Ensuring Messages are Routed

In some circumstances it can be important for producers to ensure that their messages are being routed to queues (although not always - in the case of a pub-sub system producers will just publish and if no consumers are interested it is correct for messages to be dropped).

To ensure messages are routed to a single known queue, the producer can just declare a destination queue and publish directly to it. If messages may be routed in more complex ways but the producer still needs to know if they reached at least one queue, it can set the mandatory flag on a basic.publish, ensuring that a basic.return (containing a reply code and some textual explanation) will be sent back to the client if no queues were appropriately bound.

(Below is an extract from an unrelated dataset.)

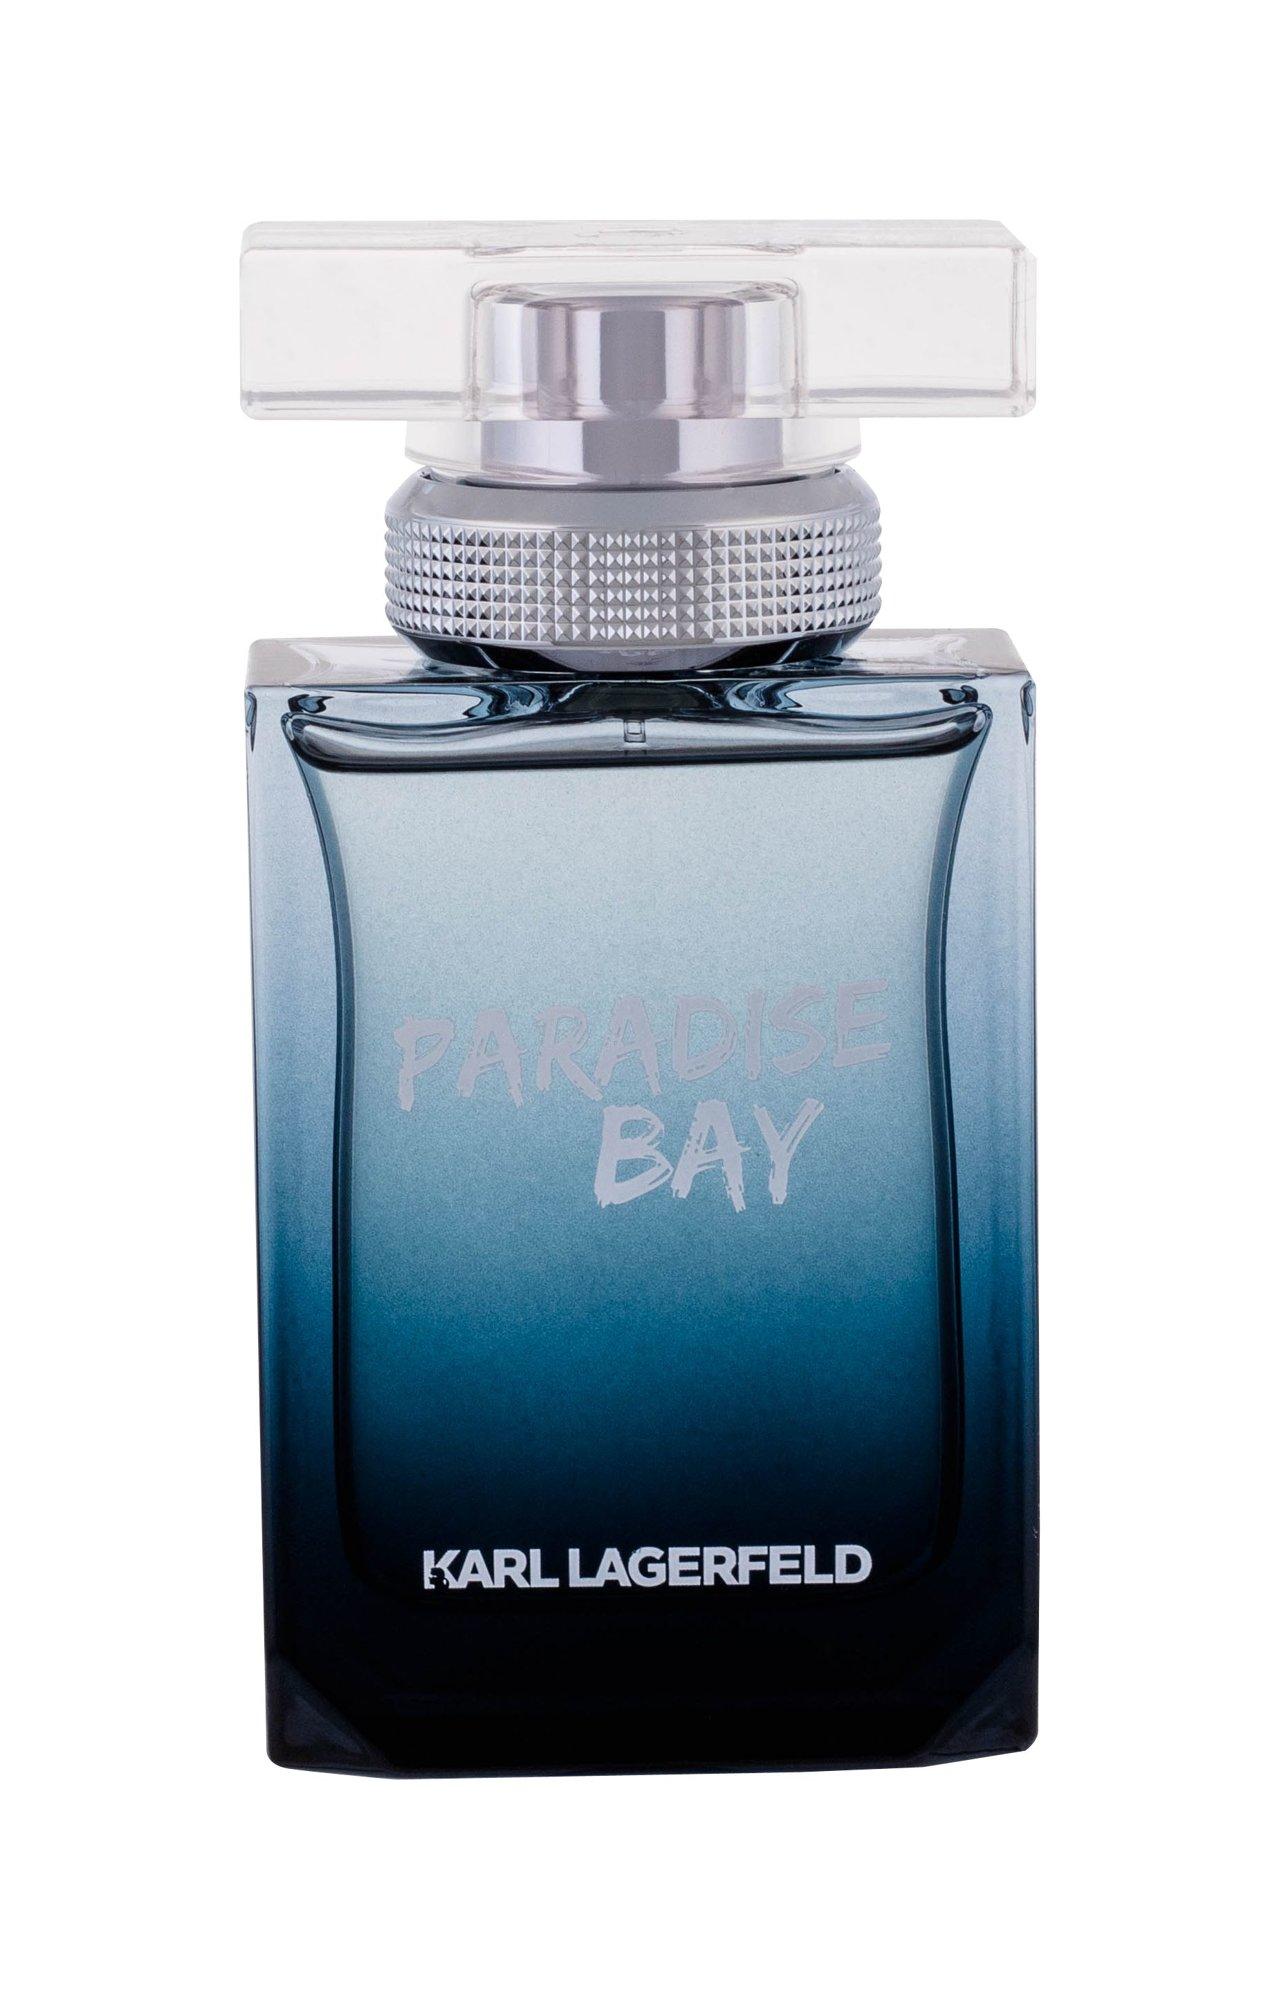 Karl Lagerfeld Karl Lagerfeld Paradise Bay EDT 50ml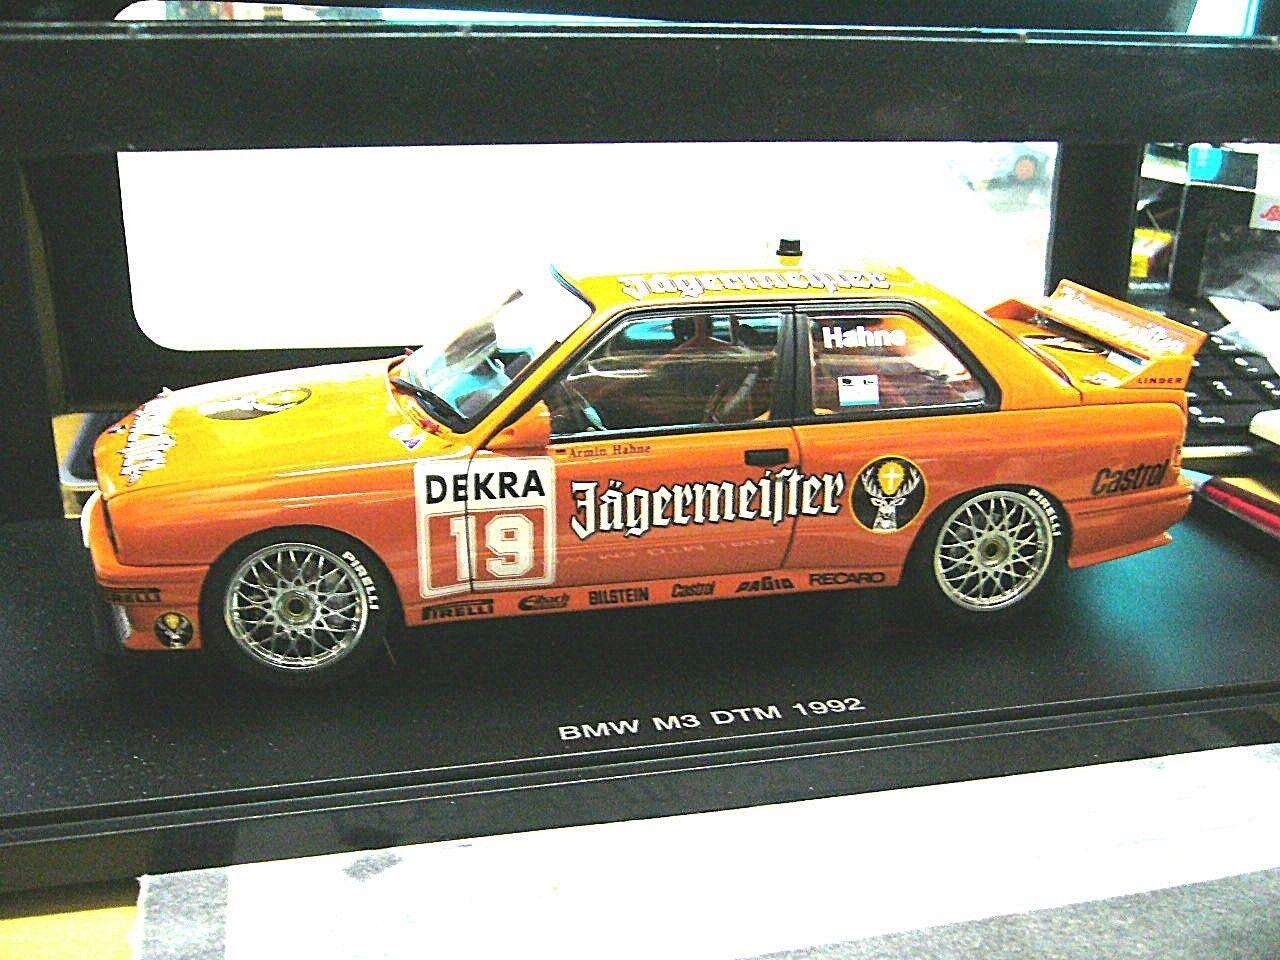 BMW m3 3er e30 DTM 1992 JAGERMEISTER  19 Hahne équipe Linder RAR Autoart 1 18

Producers should also be aware that when publishing to a clustered node, if one or more destination queues that are bound to the exchange have mirrors in the cluster, it's possible to incur delays in the face of network failures between nodes, due to flow control between replicas and the master queue process. See here for more details.

At the Consumer

In the event of network failure (or a node crashing), messages can be duplicated, and consumers must be prepared to handle them. If possible, the simplest way to handle this is to ensure that your consumers handle messages in an idempotent way rather than explicitly deal with deduplication.

If a message is delivered to a consumer and then requeued (because it was not acknowledged before the consumer connection dropped, for example) then RabbitMQ will set the redelivered flag on it when it is delivered again (whether to the same consumer or a different one). This is a hint that a consumer may have seen this message before (although that's not guaranteed, the message may have made it out of the broker but not into a consumer before the connection dropped). Conversely if the redelivered flag is not set then it is guaranteed that the message has not been seen before. Therefore if a consumer finds it more expensive to deduplicate messages or process them in an idempotent manner, it can do this only for messages with the redelivered flag set.

Consumer Cancel Notification

Under some circumstances the server needs to be able to cancel a consumer - since the queue it was consuming from has been deleted, or has failed over. In this case the consumer should consume again but be aware that it may see messages again which it has already seen.

Note that consumer cancel notification is a RabbitMQ extension to AMQP, and as such may not be supported by all clients.

Messages That Cannot Be Processed

If a consumer determines that it cannot handle a message then it can reject it using basic.reject (or basic.nack), either asking the server to requeue it, or not (in which case the server might be configured to dead-letter it instead.

Distributed RabbitMQ

Rabbit provides two plugins to assist with distributing nodes over unreliable networks: federation and the shovel. Both are implemented as AMQP clients, so if you configure them to use confirms and acknowledgements, they will retransmit when necessary. Both will use confirms and acknowledgements by default.

When connecting clusters with federation or the shovel, it is desirable to ensure that the federation links and shovels tolerate node failures. Federation will automatically distribute links across the downstream cluster and fail them over on failure of a downstream node. In order to connect to a new upstream when an upstream node fails you can specify multiple redundant URIs for an upstream, or connect via a TCP load balancer.

When using the shovel, it is possible to specify redundant brokers in a source or destination clause; however it is not currently possible to make the shovel itself redundant. We hope to improve this situation in the future; in the mean time a new node can be brought up manually to run a shovel if the node it was originally running on fails.